Question : Cisco Rv042 -- how do forwarding rules and firewall access rules work together?  And PPTP

Two part question:

Cisco Rv042 -- how do forwarding rules and firewall access rules work together?  Example, if I forward all port 25/SMTP  traffic from the Internet to a LAN IP 192.168.0.123, then what if there is an access rule to thwart that?  In fact there is, the default rules block all traffic from the WAN to the LAN.  Yet it seems to work fine.. as though forwading trumps access rules -- as though access rules are for non-forwaded traffic.  The RV-042 user guide does not make this clear.

Also, I have those three default rules for the Firewall Access rules -- two of which are (1) all traffic on LAN i/f for from any source to any dest is allowed, (2) any WAN1 traffic from  any src to any dest is *DENIED".  I don't mention the third because WAN2 is not used.

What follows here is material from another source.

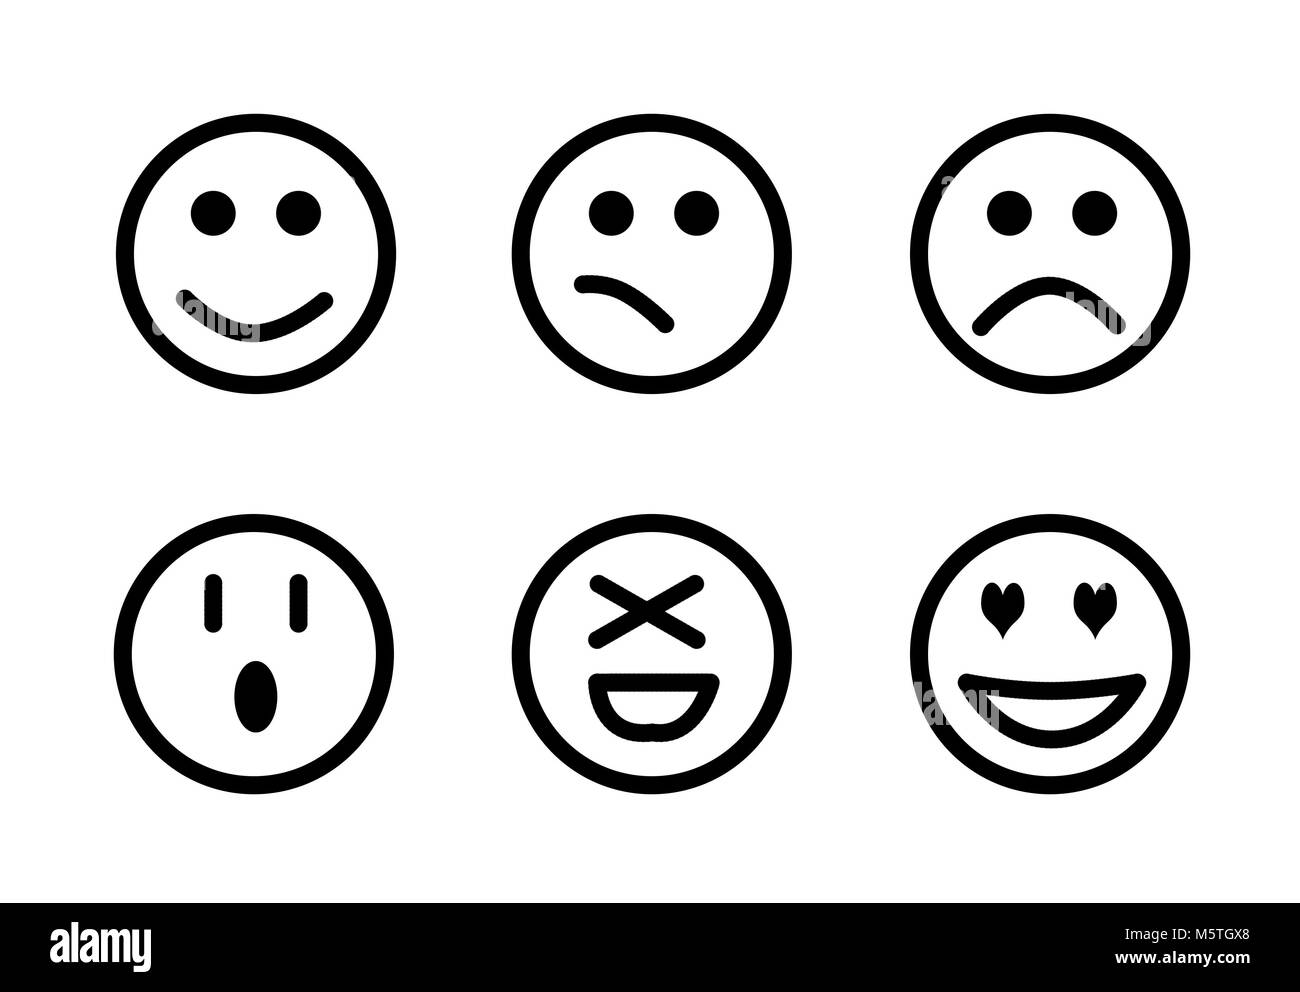 Set of emoji, Smileys set. Isolated faces expression illustration Stock Photo

So, do I really need to set up firewall access allow/deny rules if the forwarding refers to ports like 21, 443, 1723, etc., to be forwarded to their respective LAN servers (say 192.168.0.123 for all of them in this example).  Not sure.  That is, since that forwarding seems to trump the "any WAN1 traffic to the LAN is denied access rule, what would be the point of adding any additional access/deny rules?

Part 2: For PPTP, I port forward 1723 to 192.168.0.123 but I do not do this for GRE -- in fact, I don't mention GRE anywhere -- is the GRE port (47) needed in a forwarding rule?   If so, why does VPN'ing seem to work without any forwading for GRE port 47 and with the default access rule "deny all WAN to LAN"?

Answer : Cisco Rv042 -- how do forwarding rules and firewall access rules work together?  And PPTP

I have spoken to the guys would really have development this and they are the guys from Linksys.  the is before cisco and linksys became one.  There advise was alway leave the firewall as is, and just use the forwards as to not unintentially allow unwanted traffic to flow in.  This is why there VPN client doesn't need any extra port open to work.